A paixão é como um deus
que quando quer me toma todo o pensamento
dirige os meus movimentos,
meu passo eterno,
meu pulso é desse todo poderoso sentimento

Maria Rita, Mantra in Segundo

O cenário escuro e as velas acesas chamavam pelo acórdeão e pela percussão. E a voz dela ecoava. Primeiro em cd (para ir entretendo as hostes), depois ao vivo. E entra "Muito (para mim é tão) pouco", vestido até aos pés e descalça. Passo a passo, debita o drama

não sei mais do que sou capaz
gritando para não ficar rouca
em guerra gritando por paz
muito para mim é tão pouco
e pouco eu não quero mais

do paradoxo, do preto que é branco e vice versa.

Só por isto, já o concerto teria valido a pena (passados os primeiros 30 segundos de feedback do microfone). Maria Rita, acompanhada divinamente, ainda é tímida. É como a malta que bebe à noite: só está à vontade lá para a 3ª ou 4ª bebida, no caso, 3ª ou 4ª música. E foi enternecedor vê-la sem palavras (fez-me lembrar qualquer coisa...) , rematando, algumas hesitações vocais depois, com um "vocês gostam de ver as pessoas se esgolando".

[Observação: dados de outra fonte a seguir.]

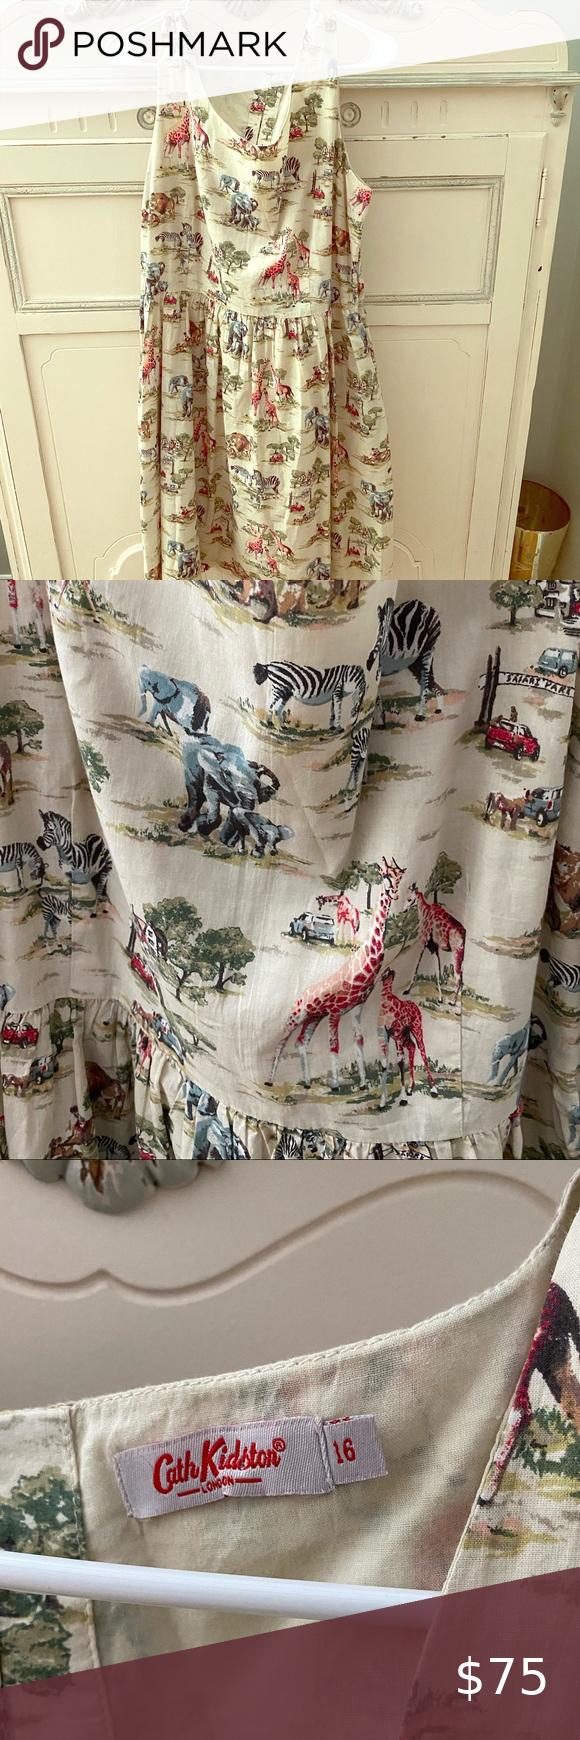 17+ Cath kidston safari dress ideas

Maria Rita cresceu. Está mais interventiva. Mais à vontade e, quase paradoxalmente, mais tranquila.

Poderia falar de muitas outras coisas. Poderia dizer que continua o espectro Ellis a pairar no ar, mas isso de nada importa, porque não é necessariamente mau. Poderia dizer que ela não compôs uma única música em dois albums, mas isso nada importa, porque se fez reunir do mais competente que existe.

O que interessa é que um espectáculo de Maria Rita é mais do que um concerto. Acerto vocal muitos têm, dramatismo na interpretação alguns conseguem ("Santa Chuva" faz uma ligação gestos/som/imagem próxima da edição de vídeo!), mas a mistura de ambos é que é difícil de encontrar. E, quando assim é, não é um mero espectáculo: é um belo naco de existência. Naco esse que eu degluti avida e tranquilamente, naquela mistura de jazz e mpb que só está ao alcance dos predestinados.

E eu deliciei-me com a possibilidade de poder partilhar o festim. E, para dizer, no fim: é bom estar vivo só para poder presenciar...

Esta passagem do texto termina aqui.